When I need to find my way around in this complicated world my navigation system, which has always served me well, consists of a collection of tattered maps and street guides, some of them dating back to the 1960s, and a small pocket compass that points randomly in all directions.
The opportunity to move into a new age of technology came this summer with a car rental that included, as part of the contract, a free portable global positioning system. This turned out to be a little gadget, half the size of a folded road map, with an even smaller set of instructions printed in smudged ink on a scrap of paper, and apparently translated from the Chinese by somebody whose first language was Swedish.
However this was a brand new, state of the art, twenty first century GPS, and I couldn’t wait to try it. But I didn’t throw away my maps quite yet, which was just as well.A paper map shows you the way and takes you right there. The makers of GPS systems have decided that this is much too easy. First you need to persuade the machine to recognize where you want to go, even though you yourself know this already. Your GPS also knows the one and only right way to get there, and will not change its tiny electronic mind, so forget about any creative diversions. If you prefer to use an unconventional route to avoid traffic, for example, or to view some attractive scenery, you are out of luck.
When I plugged in the GPS it thought it was in Wisconsin and had to be convinced that it was actually in France.
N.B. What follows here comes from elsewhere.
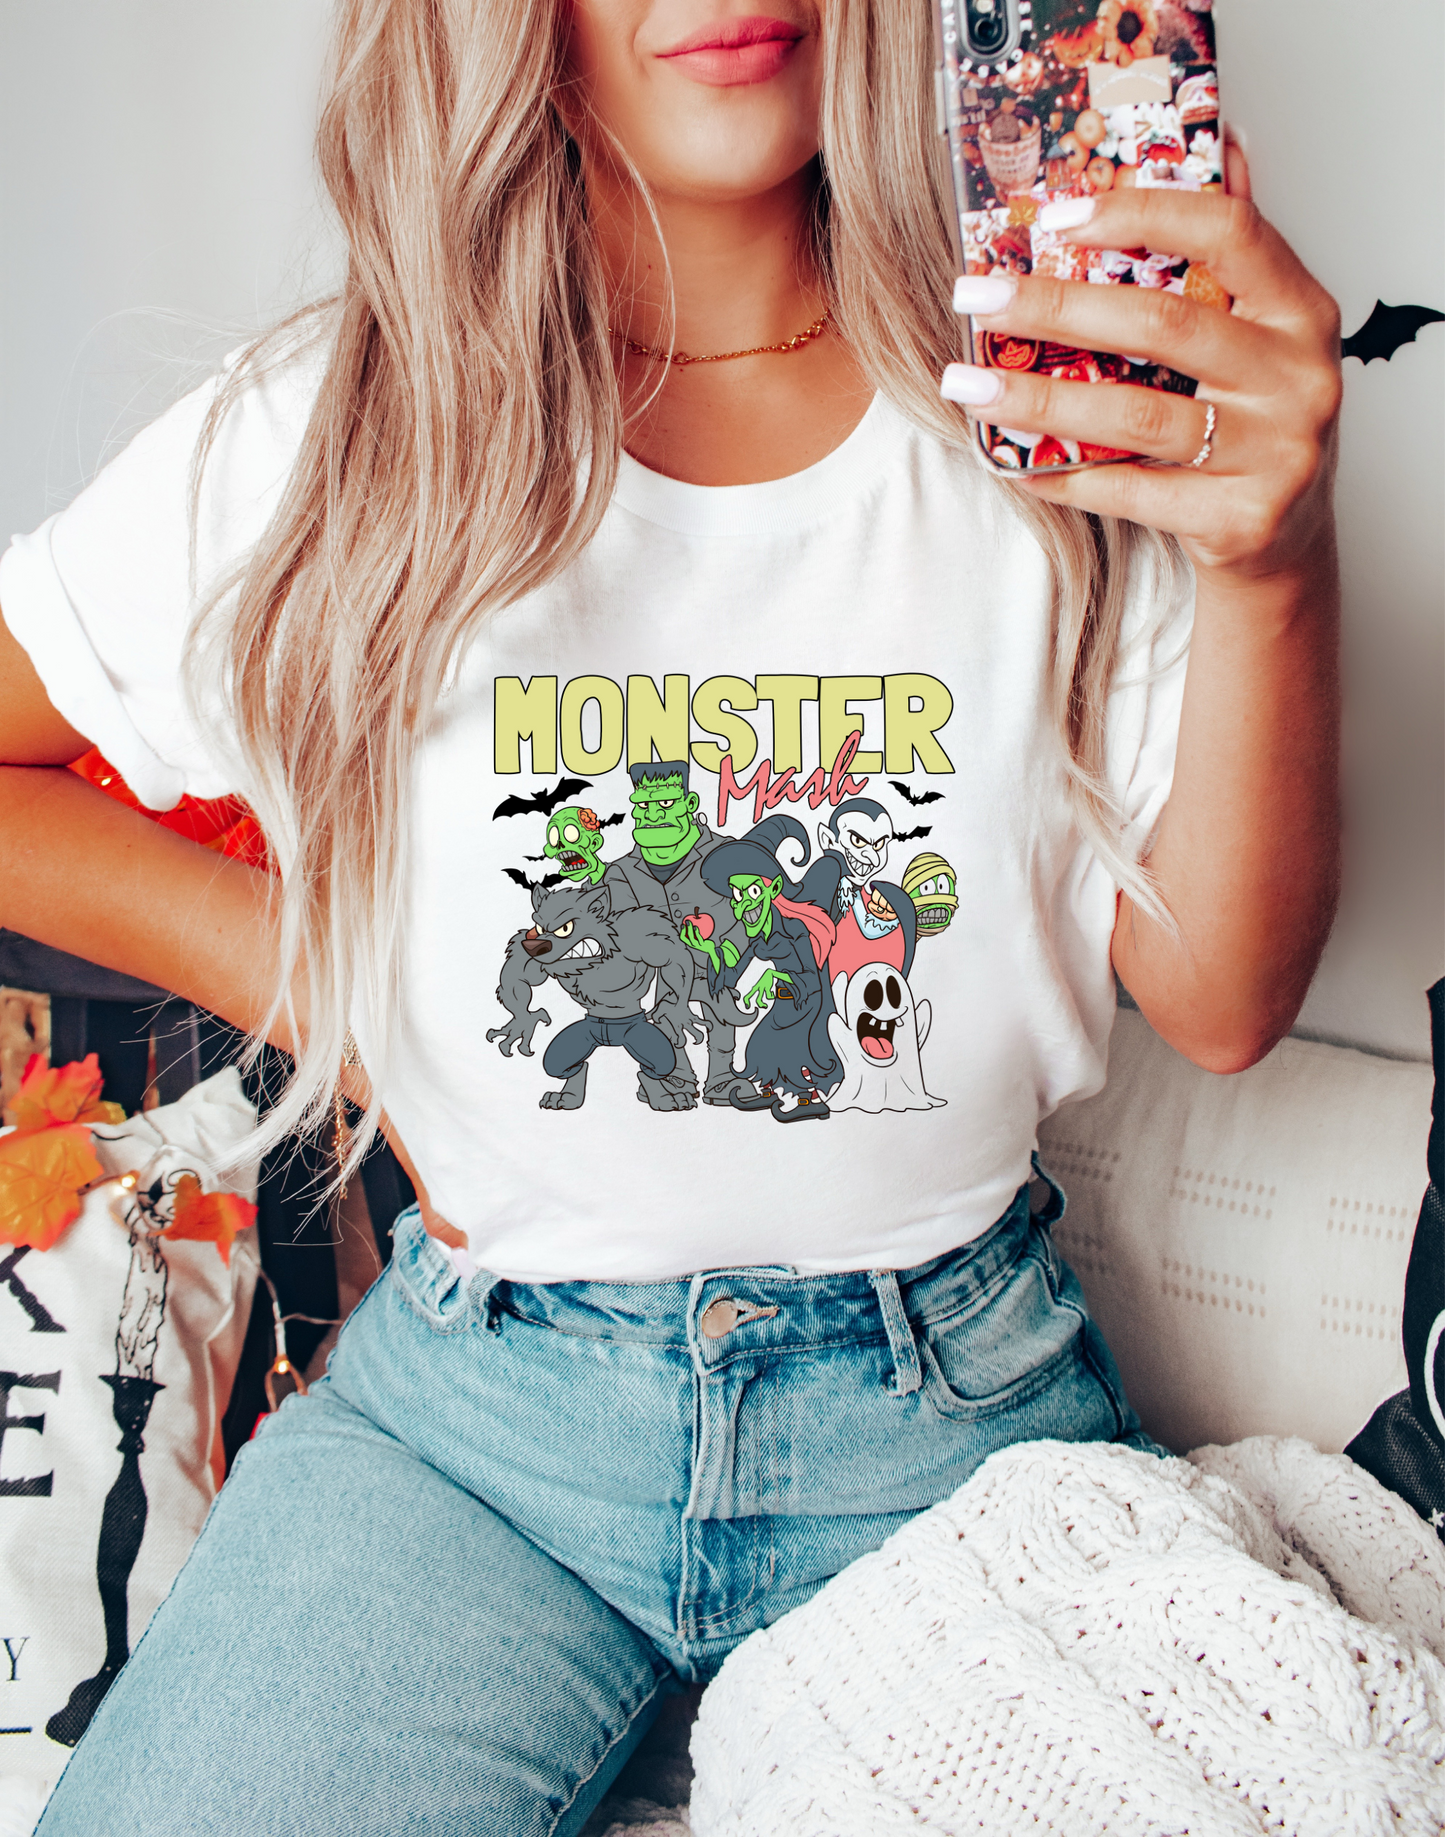 Monster mash deal of the day tee

Then, as a test, I asked to be guided to the nearest town a few miles away, on a road I knew well. It demanded a street name and number, which I didn’t have, then offered half a dozen towns with similar names that I might perhaps prefer to visit. Finally, grudgingly, it allowed me to move off, speaking in a flat, authoritarian voice that sounded like a Midwestern school teacher. She had not studied the language of the country she was in, and pronounced the names phonetically which made them entertaining but incomprehensible.
She got me on to the right road, after a great deal of what she called "re-calibrating," but it was good that I already knew the way because my electronic guide had little sympathy for human foibles, or even for geographical reality. When I took a small detour into a village she ordered: “Stop, turn round.” This was in a village street eight feet wide where I had no more prospect of turning than of flying, and that was a one-way street in any case.
The GPS lit up with enthusiasm whenever we approached a gas station, in spite of the appalling prices, but she didn’t warn me of really important things like speed limits, lurking gendarmes, mad teenagers, or sheep on the road. She was far from infallible. On the return journey, which she did not seem to enjoy, she ordered me to turn right into the front window of a pharmacy instead of left into the main street.
The car and its navigation system went back to the rental agency, and I went back to my collection of moth-eaten maps. Maps worked for Columbus, more or less, and for all the great explorers down to recent times. I may soon be the last person in the world to use a paper map, but I may also be the last to actually know where I am.